Among of the new inventions on thermal recovery, Fast-SAGD was introduced as the next generation of SAGD with greater amounts of bitumen and lower injected steam. However, there are still many suspicions about the successful of this technology such as the incremental bitumen recovery of Fast-SAGD is from the SAGD production well or combined with the offset well? It is very difficult to conclude that Fast-SAGD is better than conventional SAGD when numerical simulation of two processes was conducted in different well pattern as well the amount of operated well.
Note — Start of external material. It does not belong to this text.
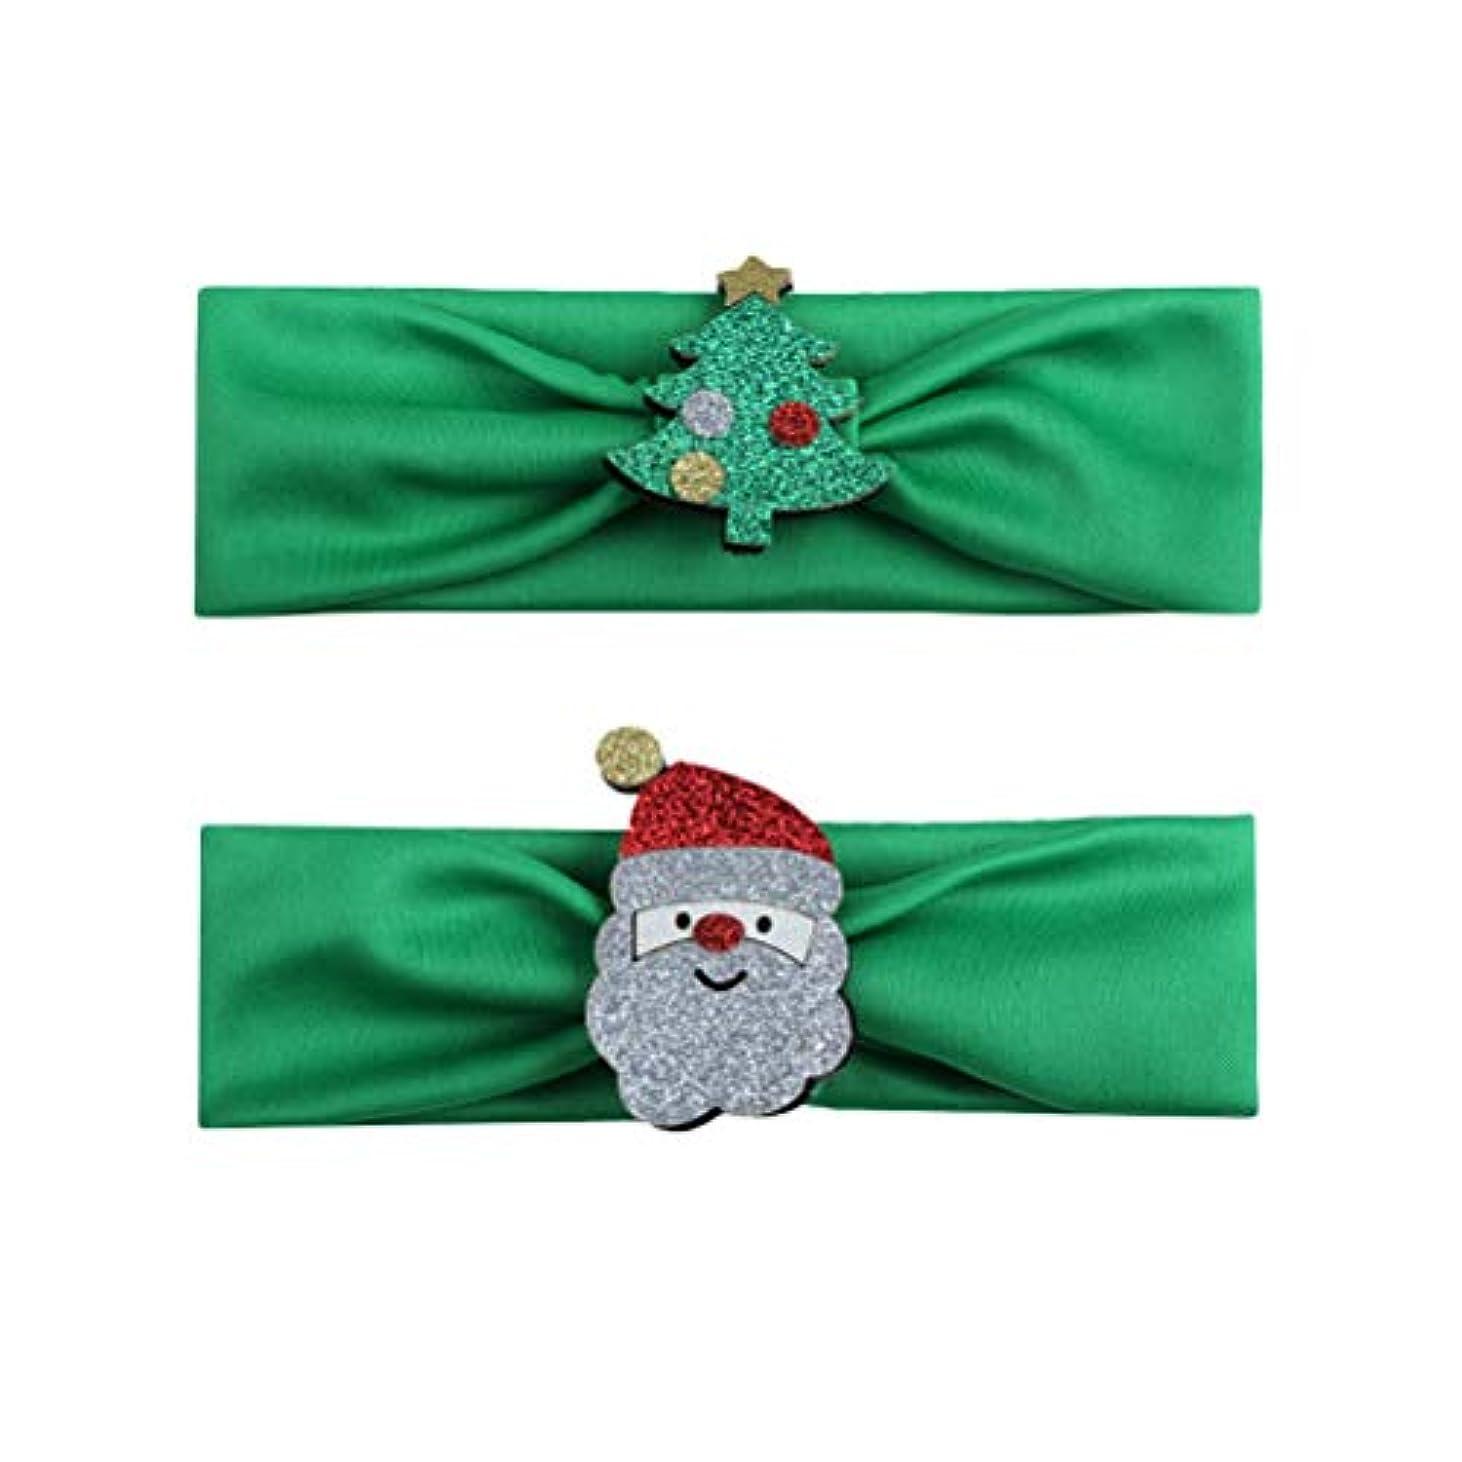 バターレーダー発揮するBESTOYARD 2本の赤ちゃんの少女クリスマスのヘッドバンド、クリスマスツリーサンタクロースの幼児ヘアバンドアクセサリー(グリーン)

This paper presented a comparative evaluation between conventional SAGD and Fast-SAGD in three typical formations (McMurray, Clearwater, and Bluesky) of Alberta's Oil Sand. Three reservoir models with over one hundred numerical simulations under various operation conditions were developed to achieve the most unprejudiced comparison between two recovery processes. The simulation results proved that significantly recoverable bitumen was originally produced from offset well in Fast-SAGD system and leads to higher recovery factor. But, there is only slight increase in cumulative oil recovery when two processes were performed in same pattern with similar number of production wells. The result also indicated that the difference of 10kPa between steam injection pressure and reservoir pressure in literature is not enough for both SAGD and Fast-SAGD operations. And then, this study presented a numerical investigation for evaluating the potential applicability of Fast-SAGD recovery process under complex reservoir conditions such as shale barriers, thief zones with bottom and/or top water layers, overlying gas cap and fracture systems in Clearwater formation.